La fanfare de la majorité a beau claironner que le budget pour l'agriculture est bon, historique et qu'il est en augmentation, le budget 2024 ne nous semble pas à la hauteur, même avec à sa tête un soliste comme vous, monsieur le ministre. Il est loin de protéger nos agriculteurs et d'accompagner la transition générationnelle au moment où les crises s'additionnent : sécheresse, événements climatiques, explosion du prix des matières premières, crise de l'eau, concurrence déloyale, effondrement de la démographie agricole, baisse de la consommation alimentaire… Pour résumer, les signaux sont au rouge et la politique agricole est très en deçà des enjeux.
Enfermée dans des équilibres qui ne tiennent plus, la nouvelle version de la PAC est critiquée de toutes parts.
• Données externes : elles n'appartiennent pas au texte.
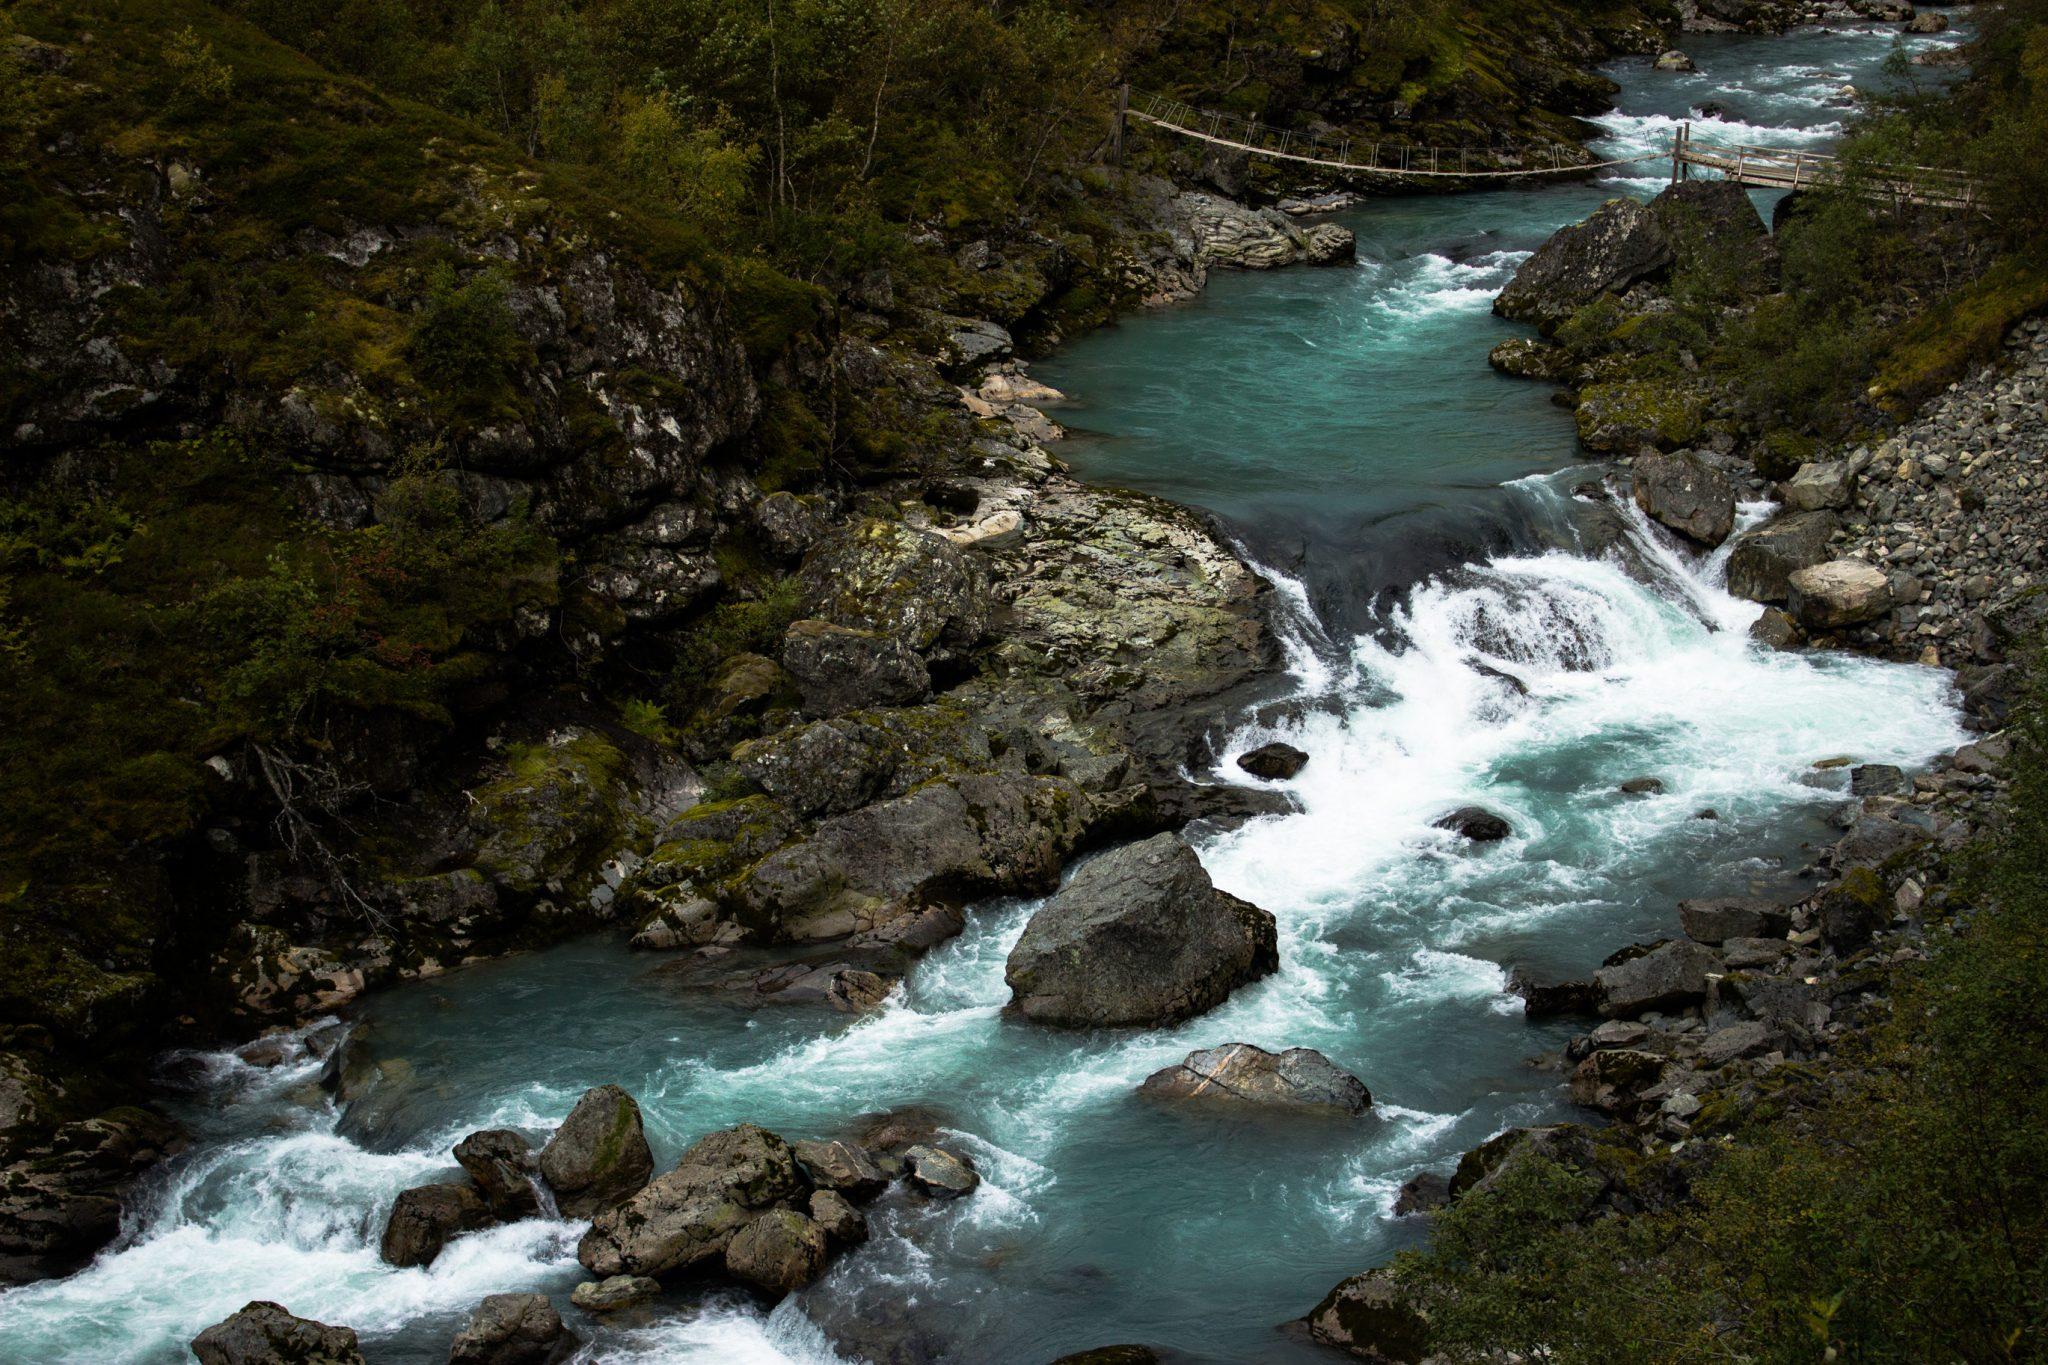 Wanderung zum Vettisfossen Wasserfall, höchster unregulierter Wasserfall in Norwegen, Blick von Brücke auf sehr klares Wasser im Fluß und schönen Wald, Blick auf andere Hängebrücke

Sa déclinaison nationale ne voit pas plus loin que le bureau de la Commission européenne. Selon un grand nombre d'acteurs, les mesures prises pour remplir les objectifs climatiques et l'absence de perspective d'ensemble pour l'avenir de l'élevage témoignent d'un faible niveau d'ambition.
Les choix faits à Bruxelles et validés à Paris mettent à mal des milliers d'exploitations. En étendant le bénéfice des écorégimes à près de 90 % des exploitations, nous diluons le soutien autrefois apporté à ceux qui investissaient fortement pour faire évoluer leurs pratiques et nous perdons un effet de levier pour encourager vraiment la transition agricole.
L'agriculture biologique est la première sacrifiée : avec le nouveau régime, l'aide de la PAC passera de 110 euros à 92 euros par hectare. Alors que le bio est en grande souffrance et subit de premières déconversions, ce coup de rabot dangereux pourrait conduire notre pays à ne jamais atteindre ses objectifs.
La politique française corrige mal le tir de la PAC, même si elle déverrouille des projets intéressants comme le pacte en faveur de la haie et le plan Protéines végétales. Quel soutien pour l'élevage ? Quel soutien pour la filière laitière, dont les difficultés s'amoncellent ? Près de 1 000 vaches laitières ont été perdues en quelques mois à l'échelle de ma circonscription, et il ne s'agit que d'une mesure au doigt mouillé.
Partout, des éleveurs se séparent de leur troupeau, convertissent les prairies en grande culture, renoncent aux haies. Ils passent trop de temps et dépensent trop d'énergie pour des revenus qui ne sont pas décents ; ils souffrent de l'absence de relève de génération et de coûts énergétiques prohibitifs. La production de lait recule et si nous n'inversons pas la courbe, la France, pourtant pays de cocagne, pourrait devenir importatrice en 2027.
Il nous faut un plan Marshall pour arrêter cette hémorragie et réarmer la filière laitière – et plus largement la filière bovine.